The ghosts of the 2018 U.S. Open at Shinnecock Hills — the last time the event was held on the east end of Long Island — still seem to be around the course a little less than 10 years later.
Those ghosts, for the uninitiated, are those of Zach Johnson telling Sky Sports during the 2018 tournament that officials had “lost the golf course” and saying a “championship that comes down to sheer luck, that’s not right.” Or Phil Mickelson being so frustrated that same year by the slick greens that on hole 13, he ran after his own ball to putt it while the ball was still moving, so that it wouldn’t roll off the green.
Or in 2004, when officials had to halt play in the middle of a round to water the seventh green because the golf balls wouldn’t stay on.
United States Golf Association officials are not looking for a repeat of all that when the field tees off early Thursday morning.
“I have great respect for this cathedral of the game and about these great players,” USGA chief championship officer John Bodenhamer said Wednesday in Southampton. “Really, when you think about it, it should be about this magnificent cathedral and these great players, and that’s what we want the story to be.”
Still, talk all week leading up to Thursday’s first round has been about the course conditions and the efforts to keep situations from 2004 and 2018 from happening again in 2026. Bodenhamer outlined an extensive plan to manage the course, which included a tactic to “syringe” the grass with water on Thursday and Friday in between the morning and afternoon waves.
Tee times were pushed 10 minutes earlier than they normally would be in order to accommodate the needed course maintenance.
The process, according to Bodenhamer, is akin to what would be seen in a grocery store when they spray vegetables with a mist of water. The plan is necessary due to the unique nature of the course, which tends to dry quickly due to the sun exposure and the high winds from the nearby ocean.
“We’ve communicated this to the players, that it is really important,” he said. “We believe that it will present a more consistent playing presentation to both the morning and afternoon waves on both days. It will be consistent across both days, which we think enhances competitive fairness.

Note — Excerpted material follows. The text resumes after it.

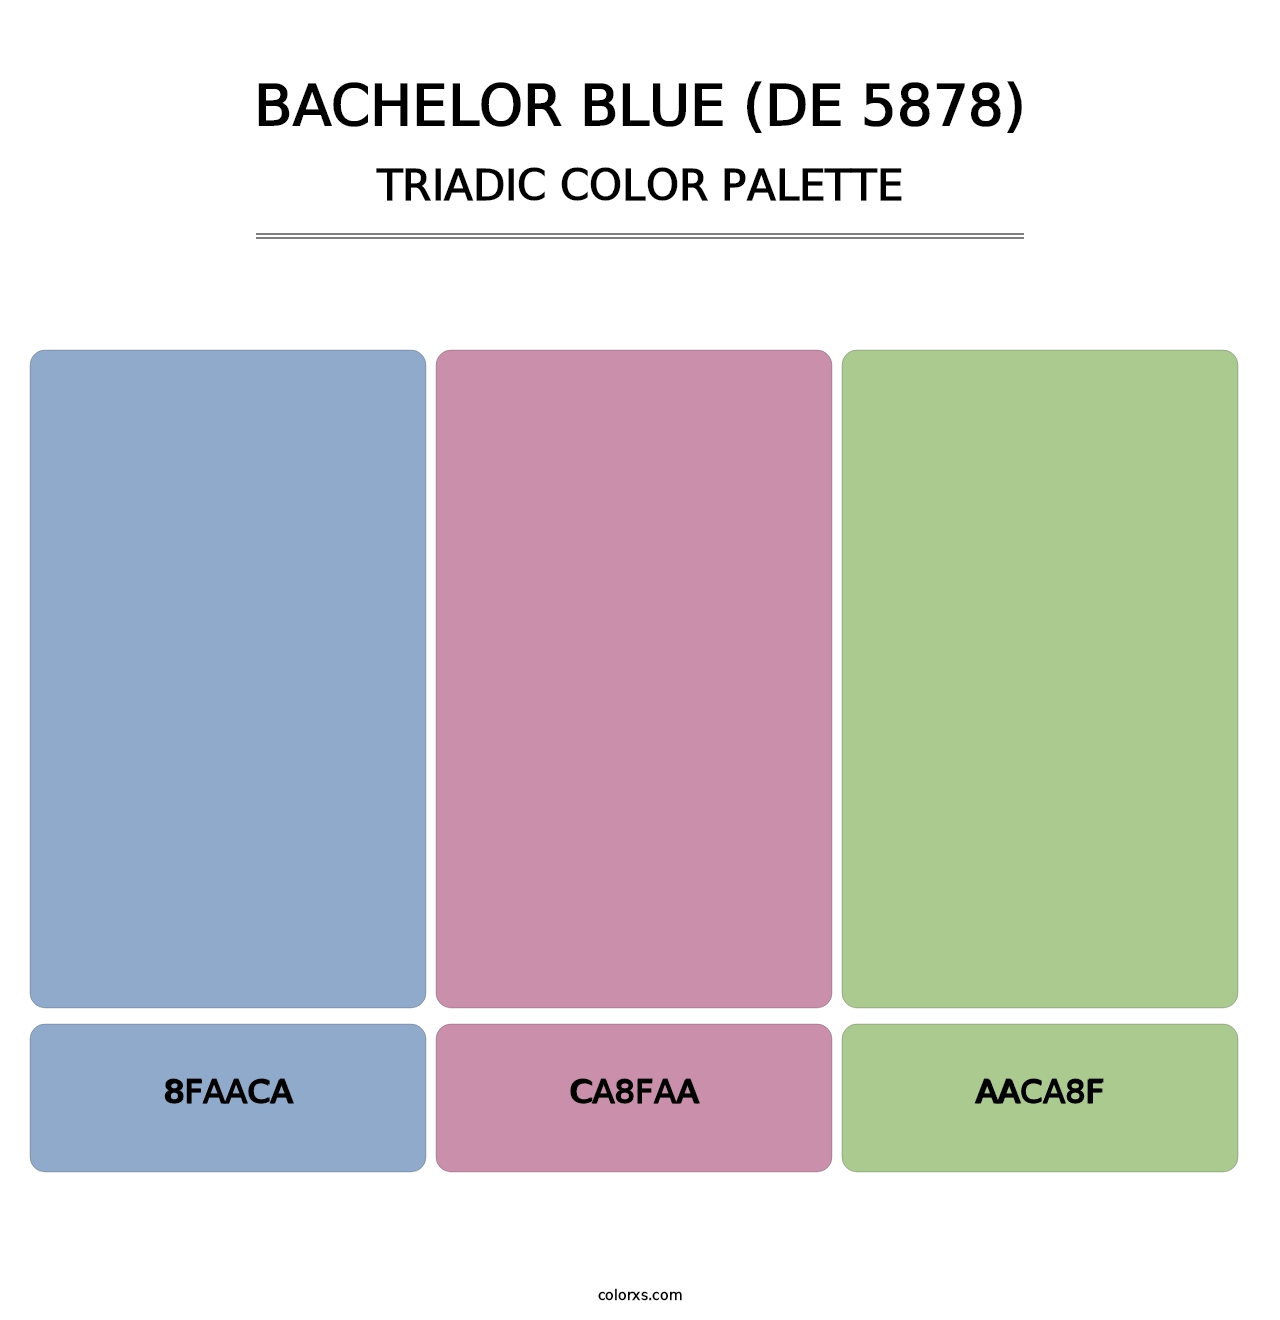 Bachelor Blue (DE 5878) - Triadic Color Palette

“This is also a practice that is used on a regular basis right here at Shinnecock Hills Golf Club. In fact, if you ask the club, they’ll tell you they do it daily. It is just the nature of this club and the nature of this property to preserve turf health and so on.”
Rory McIlroy said this week that he was originally not a fan of the idea.
Nevertheless, he later came around on it, especially with the wind expected to pick up on Thursday.
“I think, when I first heard of it, my first reaction was, ‘That’s stupid, why are they doing that?’ ” he said. “Then once you actually listen and you’ve let them break it down to you, you’re like, ‘Yeah, that makes sense.’ ”
USGA officials said they are preparing for winds that can be “problematic” during the course of the tournament, with expected sustained winds of 12 to 24 mph, with potential wind gusts of more than 40 mph, that could last from 10:30 a.m. to 6 p.m. on the first day.
Friday’s winds aren’t expected to be as severe, though a change in direction to the west/northwest Saturday could create another challenge. “On Saturday, some of [the greens] with a north and northwest wind blow from back to front, and we are concerned about that,” Bodenhamer said.
But the USGA’s chief championship officer insisted that officials had accounted for all of the elements that could be thrown at them by Mother Nature.
“As we came into this year, we thought a lot about our plan,” he said. “We reflected on 2018, and we learned a great deal from 2018 and the experience there. We had intended to come into this week really unlike 2018 in ways that, instead of preparing the golf course for seven or eight days straight for a U.S. Open experience for the players, it was really more easing in.
“We see the firmness and the speeds come to us by Wednesday and Thursday, and by the weekend, we would crescendo into what a U.S. Open has always been. We think that because that’s what the players have told us. That’s their expectation.”